Lopez replied that the information already posted was accurate and "corrects the miscalculations performed by the analytical laboratory." Sardella quickly replied, "Are you saying the test data for the March 14 assessments is included in the data attachments? I don't see anything dated March…"


The exchange continued over the next few months, with Sardella's growing frustration evidenced in messages such as, "This e-mail represents my seventh written request for the same information" and "Is it clear at this point that I'm looking for the original data, before 'corrections' have been made to it?"


"They keep sending me the same shit as if I'm asking for it," Sardella says.


The most recent email exchange occurred on Feb. 16—but Sardella says he still doesn't have the data he's repeatedly requested.


"I can't tell if ANY of the data I'm being shown represents what a lab technician found prior to the data being 'corrected' and the 'round off errors' being adjusted," he writes in an email to SFR.


Joni Arends, executive director of Concerned Citizens for Nuclear Safety, says the fact that LANL hasn't just given Sardella the data he wants is suspect. She also notes that tritium has been detected in LANL's groundwater near the Buckman wells.


Katzman says that, although the groundwater and the Buckman wells are physically close to each other, their water systems aren't connected. He also attributes Sardella's frustration to miscommunication.

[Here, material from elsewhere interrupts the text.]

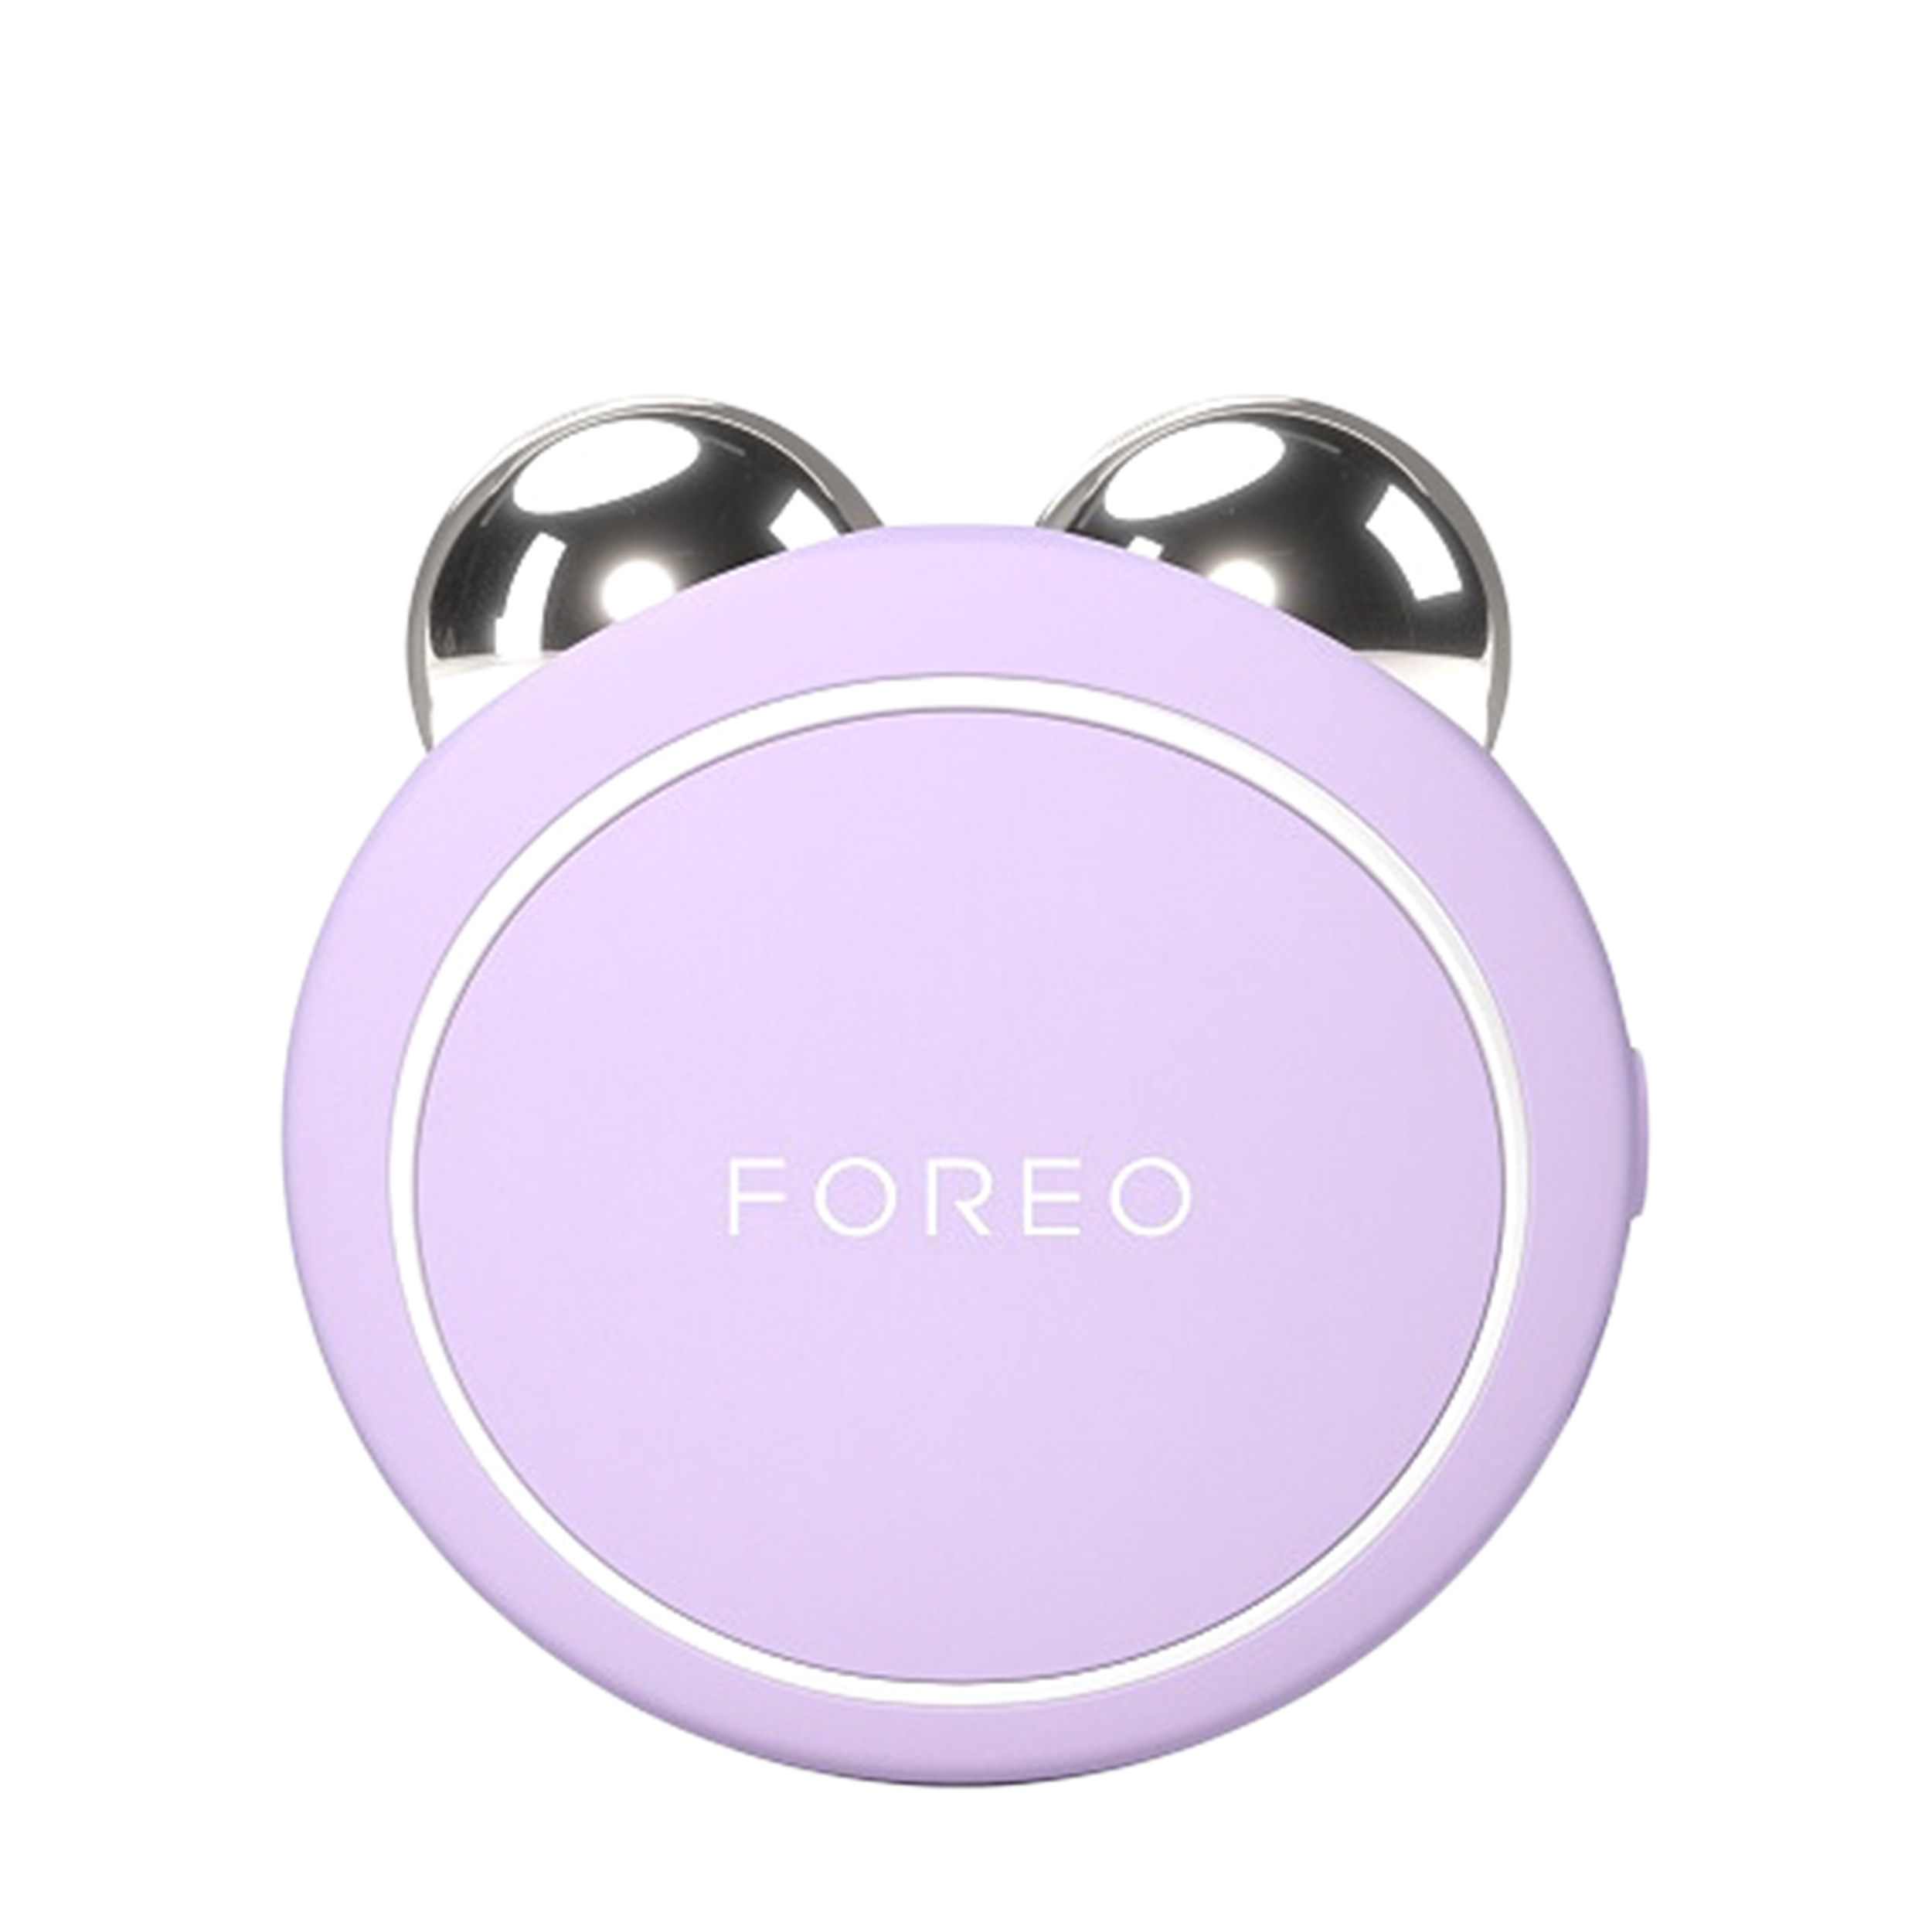 FOREO FOREO BEAR 2 go микротоковый массажер для лица, Lavender

"He may be asking for the wrong info," Katzman says. Regardless, he says, LANL is planning to call Sardella and straighten things out soon.


"The main point here is that the data clearly show, and the city understands, that there's no tritium in the Buckman wells," Katzman says. "Any questions that a change was made to hide something—we would never engage in anything like that."


Sardella has also had his issues with the Buckman Direct Diversion, which diverts water from the Rio Grande to Santa Fe's water supply. In November 2010, he filed a complaint with the state's Board of Licensure for Professional Engineers and Professional Surveyors over a risk analysis of the BDD done by ChemRisk, a California-based company infamous for covering up for chromium-6-infected water in southern California in the 1990s [news, Aug. 10, 2011: "Risky Business"]. The complaint has since been dismissed.


Hydrogeologist Robert Gilkeson, who worked with LANL in the late '90s before leaving in disgust, says LANL should have an outside party assess the tritium detections rather than making the call itself.


"Tritium was detected in the wells as reported by the contractor, and then the LANL scientists come on and say it was a mistake," Gilkeson says. "That's completely unacceptable."


But others say the level of attention paid to potential contamination in the city's water supply is misguided.


"I have never thought that the Buckman wells could be contaminated, period," Greg Mello, executive director of the activist Los Alamos Study Group, tells SFR. "I don't see any evidence that they can be."


He recalls a few years ago when activists raised concerns about finding plutonium in the Buckman wells, which he says were later dismissed. Mello attributes the dispute to "well-intentioned people not thinking clearly."


"This is the way climate [change] deniers look at arguments," he says. "They look for some trivial problem and blow it all up out of proportion."


ARS hasn't analyzed new samples from the Buckman wells since the tritium mishap, but Katzman says the next set of results is due "imminently." He adds that LANL expects no detection of tritium in them.